138. Emerging Technologies in Neuroimaging and AI for Enhanced Brain Pattern Analysis and Diagnosis

Rosmary Blanco – PhD Student, Computer Vision (Brain&More), Sano Centre for Computational Medicine, Krakow, PL

Abstract

Neurotechnology is an interdisciplinary field merging neuroscience, engineering, and computer science to study and control the nervous system. Wearable EEG devices capture synchronized oscillatory brain patterns through portable, user-friendly equipment [1]. The emerging perspective of neurodegenerative diseases as ‘oscillopathies’ underscores the utility of this technology in monitoring clinical conditions [2].

EEG presents several challenges, including a low signal-to-noise ratio, non-stationarity, non-linearity, volume conduction phenomena, and variability. Wearable EEG technology adds further complexities: more artifacts, fewer sensors, and lack of control in lab settings and standardization. To address these issues, state-of-the-art preprocessing techniques, advanced signal processing, and efficient feature engineering ML-based approaches have been proposed to improve data quality, handle complexity, and enhance interpretability [3]. 

In this research, multi-modal approaches and effective data modeling were employed to capture the complex spatiotemporal patterns of brain activity. These methods extend beyond traditional EEG approaches, enabling the development of innovative solutions for diagnosing, monitoring, and guiding interventions in neurodegenerative diseases.

First, the integration of EEG and fNIRS data, using a multilayer network model, was explored since these technologies can potentially be used in real-world applications [4]. Then, by integrating diffusion MRI data, we investigated the brain structure-function relationship through graph signal processing. This approach could detect changes in brain activity in the presence of disease-specific structural damage [5].

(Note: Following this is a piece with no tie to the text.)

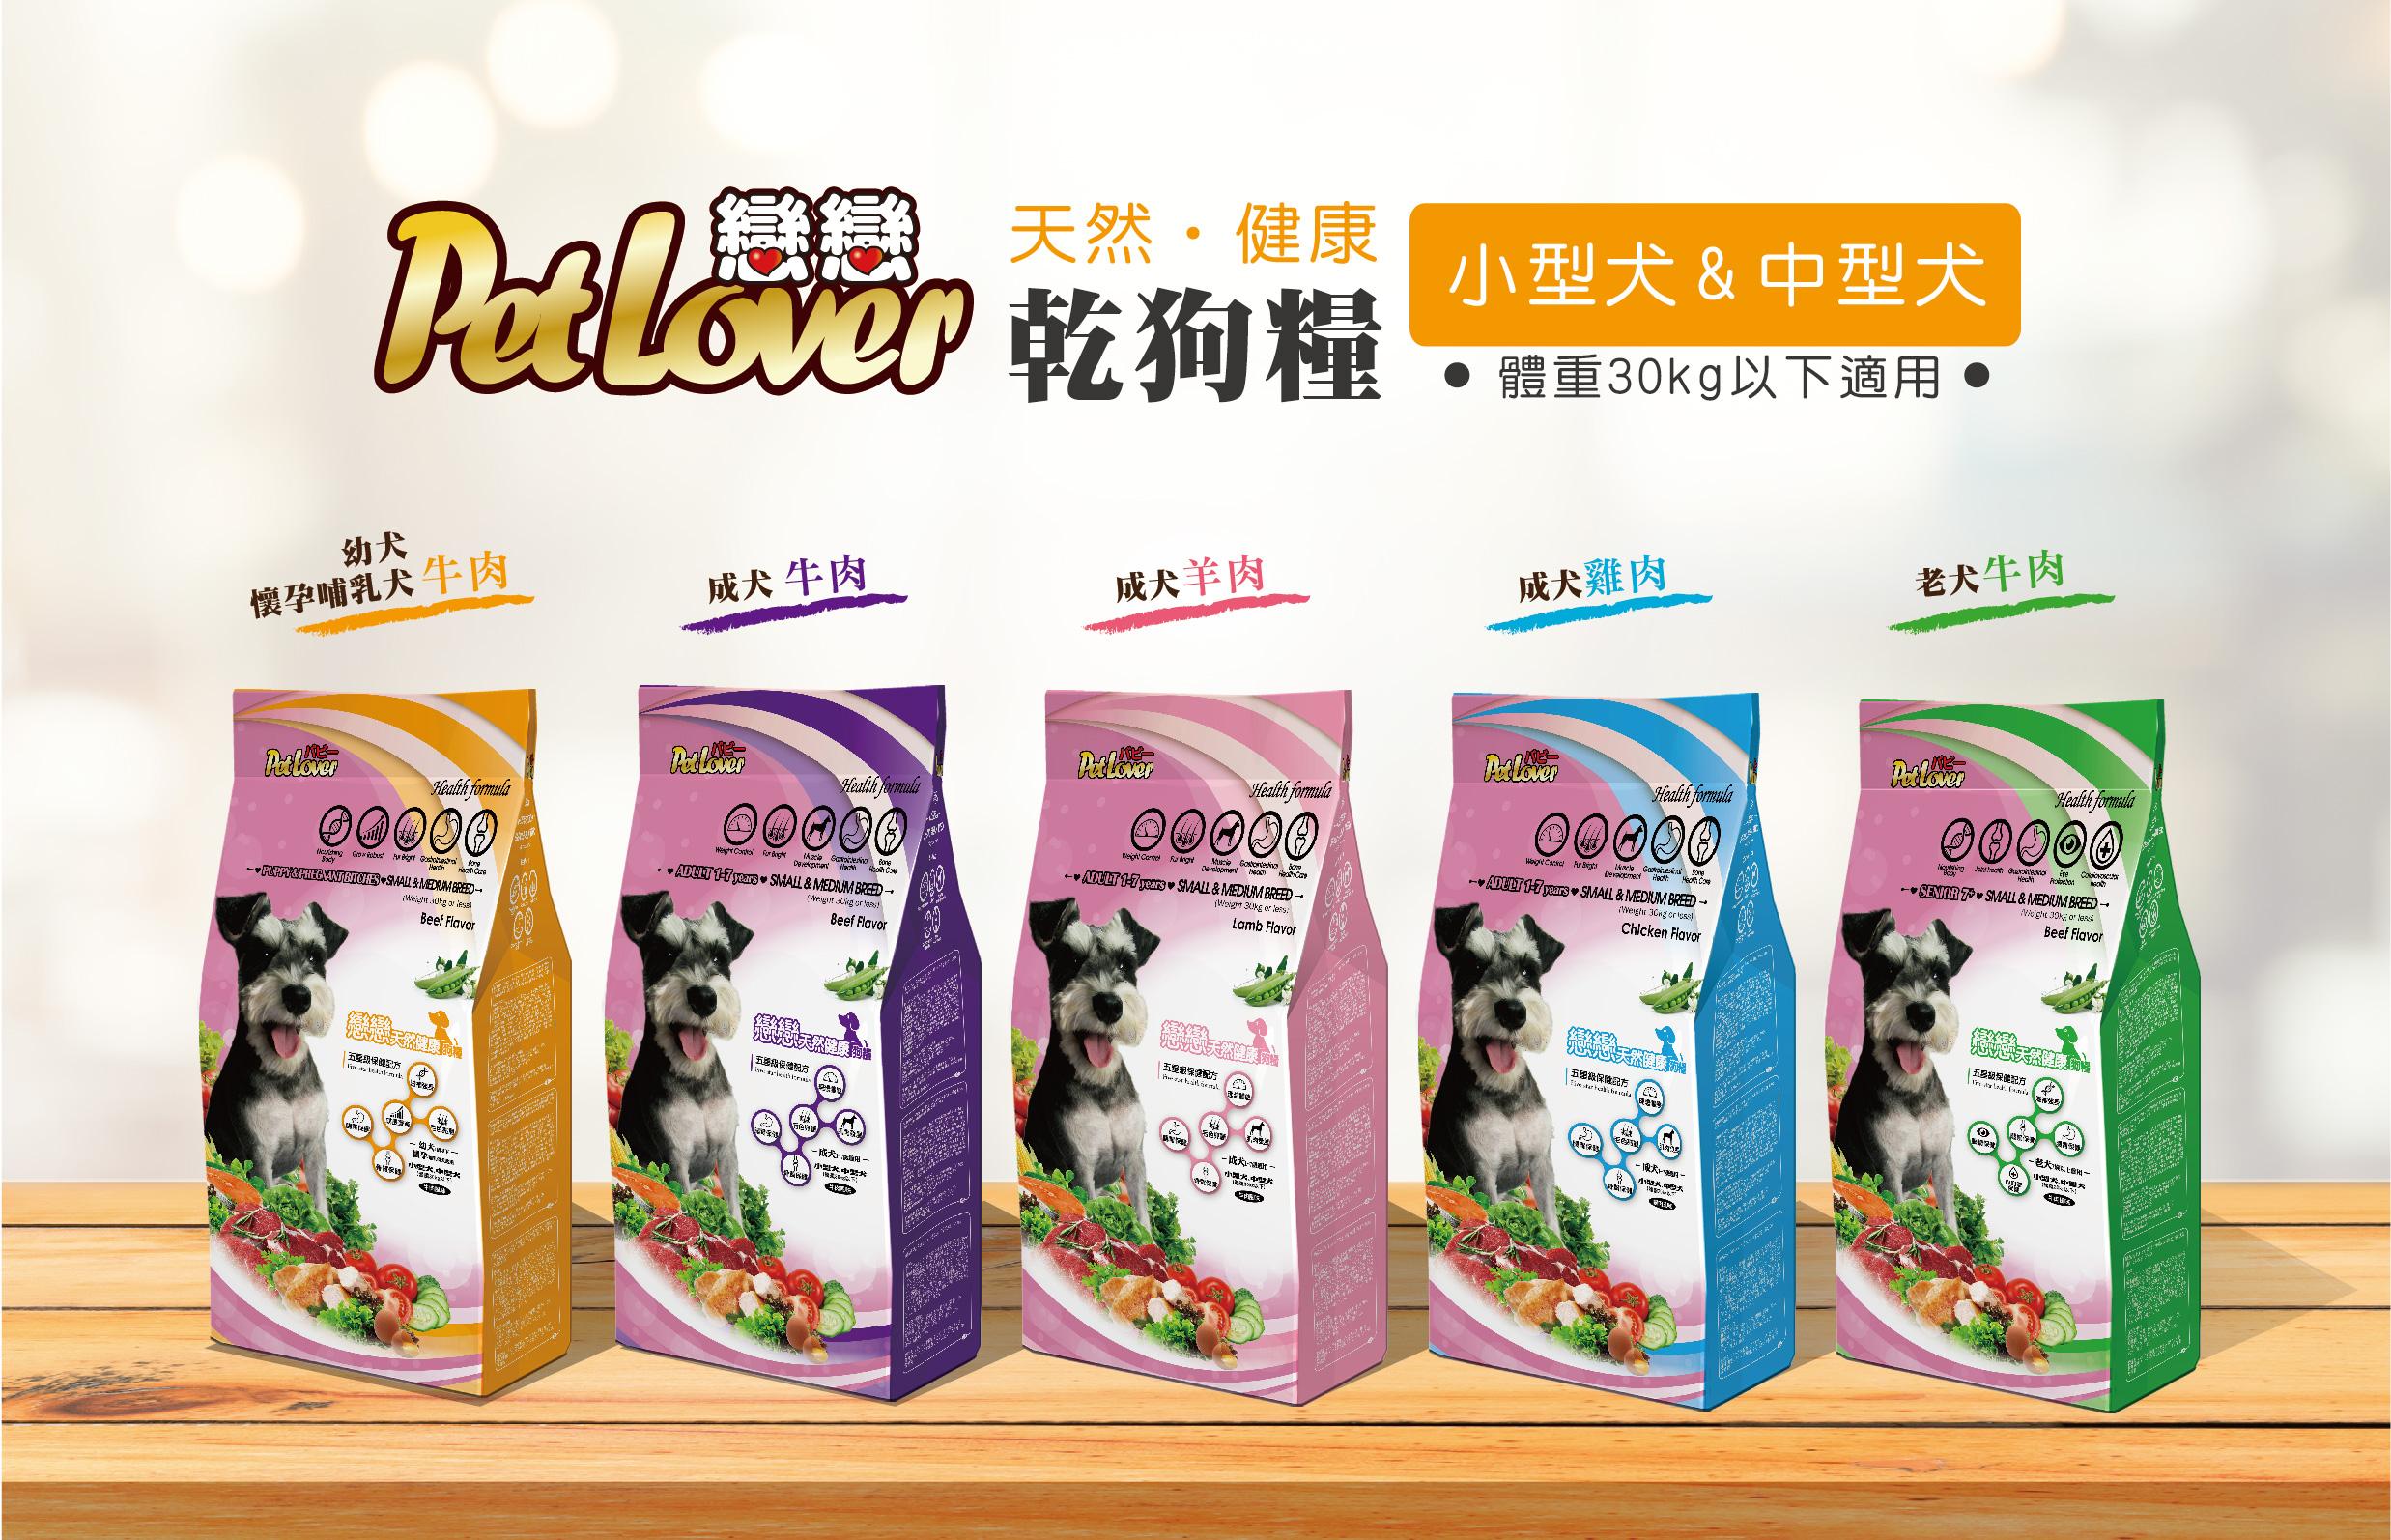 天然、健康,小型犬&中型犬的最佳選擇│全球寵物-戀戀乾狗糧

Finally, a multi-modal approach, integrating cognitive, behavioral, and EEG data, was employed to enhance the performance of an ML model in distinguishing mild cognitive impairment (MCI) from healthy controls. This approach was implemented in a novel wearable EEG-based framework developed as a tool for assessing cognitive impairment.

Ongoing research aims to investigate whether selected EEG features can track normal aging and distinguish it from MCI, potentially uncovering digital biomarkers of dementia.

[1] Zhao, H., Cao, J., Xie, J., Liao, W. H., Lei, Y., Cao, H., … & Bowen, C. (2023). Wearable sensors and features for diagnosis of neurodegenerative diseases: A systematic review. Digital Health, 9, 20552076231173569.

[2] Nimmrich, V., Draguhn, A., & Axmacher, N. (2015). Neuronal network oscillations in neurodegenerative diseases. Neuromolecular medicine, 17, 270-284.

[3] Amer, N. S., & Belhaouari, S. B. (2023). EEG Signal Processing for Medical Diagnosis, Healthcare, and Monitoring: A Comprehensive Review. IEEE Access.

[4] Blanco, R., Koba, C., & Crimi, A. (2023). Investigating the interaction between EEG and fNIRS: a multimodal network analysis of brain connectivity. bioRxiv, 2023-11.

[5] Blanco, R., Preti, M. G., Koba, C., Van De Ville, D., & Crimi, A. (2024). Structure-Function Relationship in Electrical and Hemodynamic Brain Networks: Insights from EEG and fNIRS during Rest and Task States. bioRxiv, 2024-04.

About the author

Rosmary holds a Master of Science in Medical and Molecular Biotechnology from the University of Verona, Italy. Her background is enriched by years of experience in clinical settings in the fields of neurology, neurosurgery, and neurorehabilitation. Her research has been dedicated to complex electrophysiological signal processing, focusing particularly on EEG source imaging and network analysis in epilepsy. At Sano, she is actively involved in research in network neuroscience to study the large-scale brain networks underlying neuronal communication, cognition, and human behavior, as well as in neurotechnology to explore their applications in real-world scenarios to aid decision-making and support diagnosis.